Industrial companies often face a unique set of challenges when it comes to realizing digital’s promise. The technical complexity of their offerings and their convoluted channel models, the market power of distributors, multi-step/multi-party buying processes, the relative concentration and/or fragmentation of their markets, and pricing transparency considerations all conspire to make it difficult to optimize digital connections to customers. In addition, industrials and B2Bs are typically anchored to an asset-oriented, product-out, and functionally siloed operating model and intermediated from their downstream stakeholders.
As industrials and B2Bs re-assess their digital efforts, it is critical that they recognize the unique challenges and opportunities they face and address them directly. Anyone that has attempted to drive digital in an industrial organization is likely to recognize one or more of them:
• Digitizing old ways of doing things: Using digital for transactions and interactions along the lines of current practice risks hardening approaches that may be inadequate for competing in an ecosystem that is being fundamentally reshaped. Many organizations we work with lack an understanding of how their ecosystem is evolving, and how those changes flow through to define the digital capabilities that will be difference-makers in the future.
An industrial distributor we advised wasn’t sure about the impact that business management software companies, which provide specialized software to help field service contractors such as plumbers, landscapers, and electricians run their businesses, could have on their channel structure. While they struggled to decide whether to engage them, these players continued to rise in popularity in the industry. Without a clear perspective on how their ecosystem would evolve, they risked ignoring a potential future sales channel and key partner.
• Imposing technology-centric as opposed to customer-centric solutions: Industrial and B2B organizations often engage in “arms races” with competitors to create tools and services like online calculators and benchmarking tools. While these kinds of digital offerings demonstrate technical prowess, they don’t help customers solve problems or fulfill their “jobs to be done,”– which are the underlying problems they aim to solve and the reason they choose one product or company over another. This is most common in organizations where digital transformation lacks alignment between IT and business leadership on priorities. Industrials are especially vulnerable to this error because it is culturally congenial to their ways of thinking and operating.
• Imposing digital goals on business units that are disconnected from business impact: Some corporations seek to motivate business units with top-down mandates that fail to reflect the diversity of strategic objectives that might exist within a portfolio, or that work against their interests. A global materials company we know of set a target of “50% of sales online” that is being dutifully propagated across all its business units, whether online sales are important or even beneficial in the markets they serve. When this happens, digital is seen as a set of milestones to fulfill, rather than a means towards a desired end.
• Creating separate digital solutions within functional silos: Digital, by definition, is a horizontal capability – it should cross traditional organizational boundaries and permeate a business’s entire operating model.

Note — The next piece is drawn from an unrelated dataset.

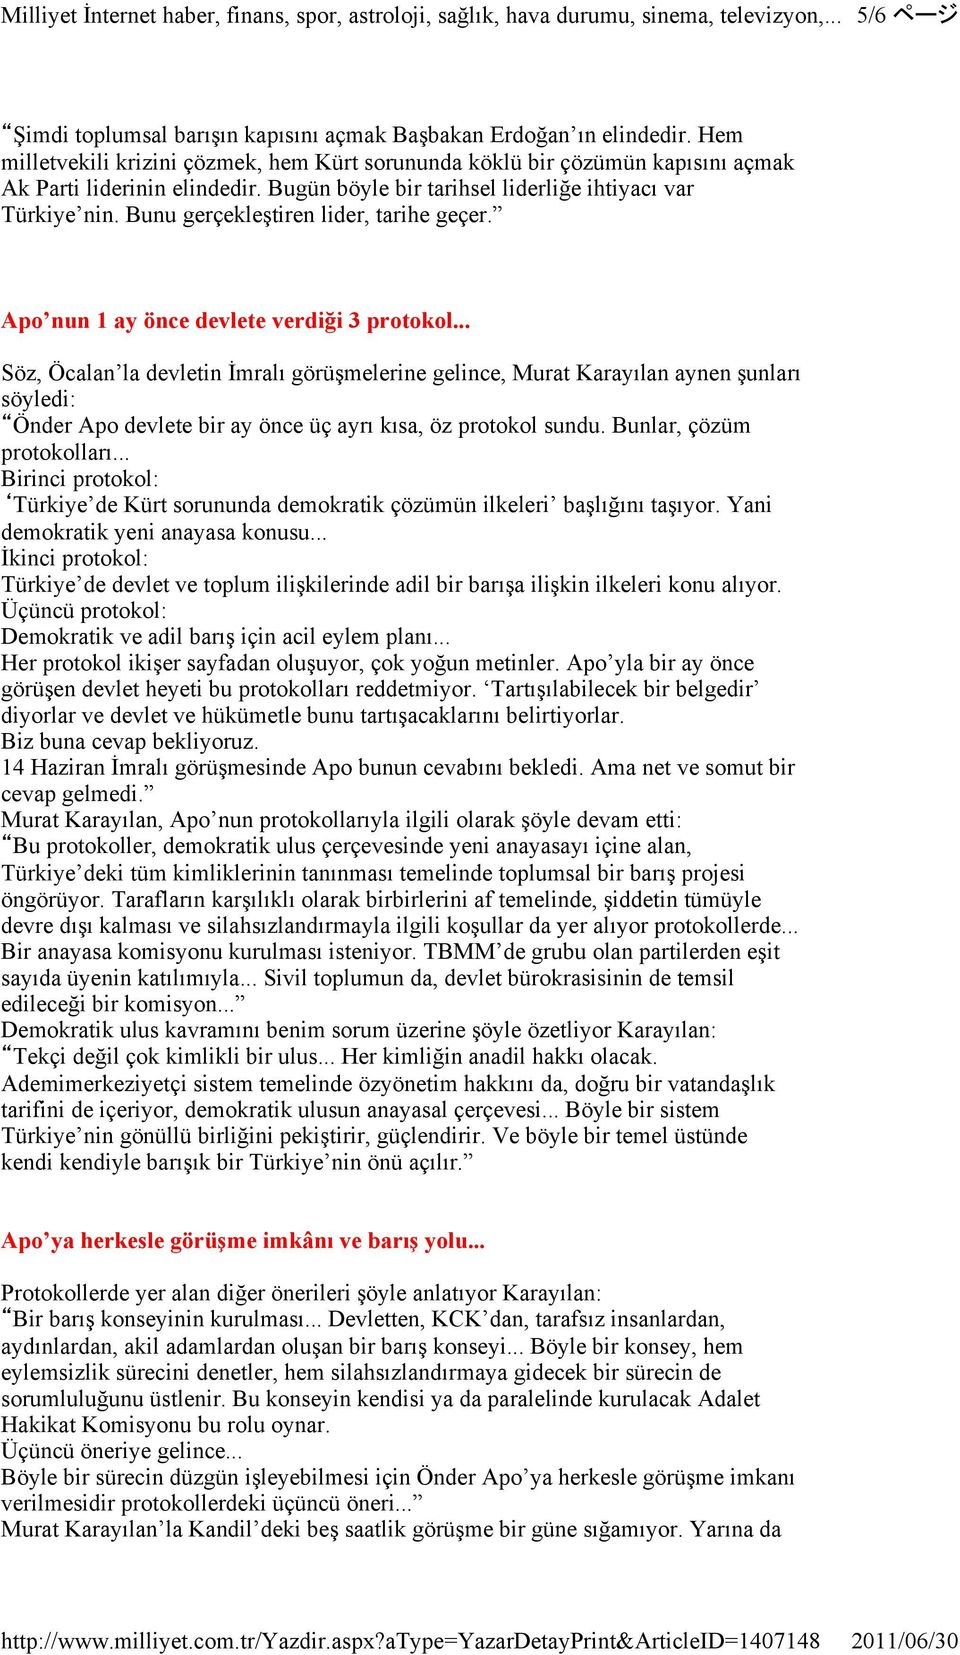 .. Söz, Öcalan la devletin Đmralı görüşmelerine gelince, Murat Karayılan aynen şunları söyledi: Önder Apo devlete bir ay önce üç ayrı kısa, öz protokol sundu. Bunlar, çözüm protokolları.

Yet many industrials are organized around functional power centers and potentially misaligned incentives that can discourage the collaborations that are necessary to optimize digital solutions. Examples we often see include marketing experiments with social media, but sales and branch operations remain stubbornly analog; or, new software that provides greater visibility in order-tracking, but sales reps fail to promote it to customers. To succeed, digital efforts must be coordinated across all functions in the organization.
At its root, each of these blockers turns on the failure to align a company’s digital transformation efforts with its overall strategy and goals. To avoid them, companies must change their way of thinking from one that is primarily initiatives-driven to one that is outcomes-driven. The first area of focus for digital change should be on the concrete results that leaders want it to achieve.
Creating an Outcomes-Driven Design for Industrial & B2B Digital Transformation
In our view, there is no such thing as a digital strategy, only business strategies and outcomes that digital can enable. In an outcomes-driven approach, a portfolio of digital priorities is explicitly defined to advance the business strategy via impacts that can be measured—for example, revenue growth, operational efficiency, and customer retention. For this approach to work, the implications for a company’s operating model and capabilities must also be proactively identified and addressed.
This flips the script from an approach that is one-size-fits-none, where digital initiatives lack customer or market-back input to guide them, to one that is holistic, intentional, and trackable. If employed appropriately, an outcomes-driven approach can also be utilized to identify and potentially stop initiatives that are not on strategy.
A Structured Approach to Defining Digital Priorities
Effective digital solutions are focused on customers’ jobs to be done and clearly defined business outcomes. The five-step process that we have successfully used to help industrials companies identify and prioritize their digital priorities is laid out below.
For example, we recently advised a global materials company that was mandated to move half of their sales online, whether online sales were important or even beneficial to the markets its various business units served. Digital was seen as a set of milestones to fulfill, rather than a means towards a desired end. By applying an outcomes-driven approach, the company landed on two distinct sets of digital initiatives, tailored to two classes of customers (market leaders and small players). Having this degree of focus allowed them to further identify and align on which efforts were transformative “needle movers” and which were merely “table stakes,” so they could prioritize, resource, and sequence the initiatives appropriately.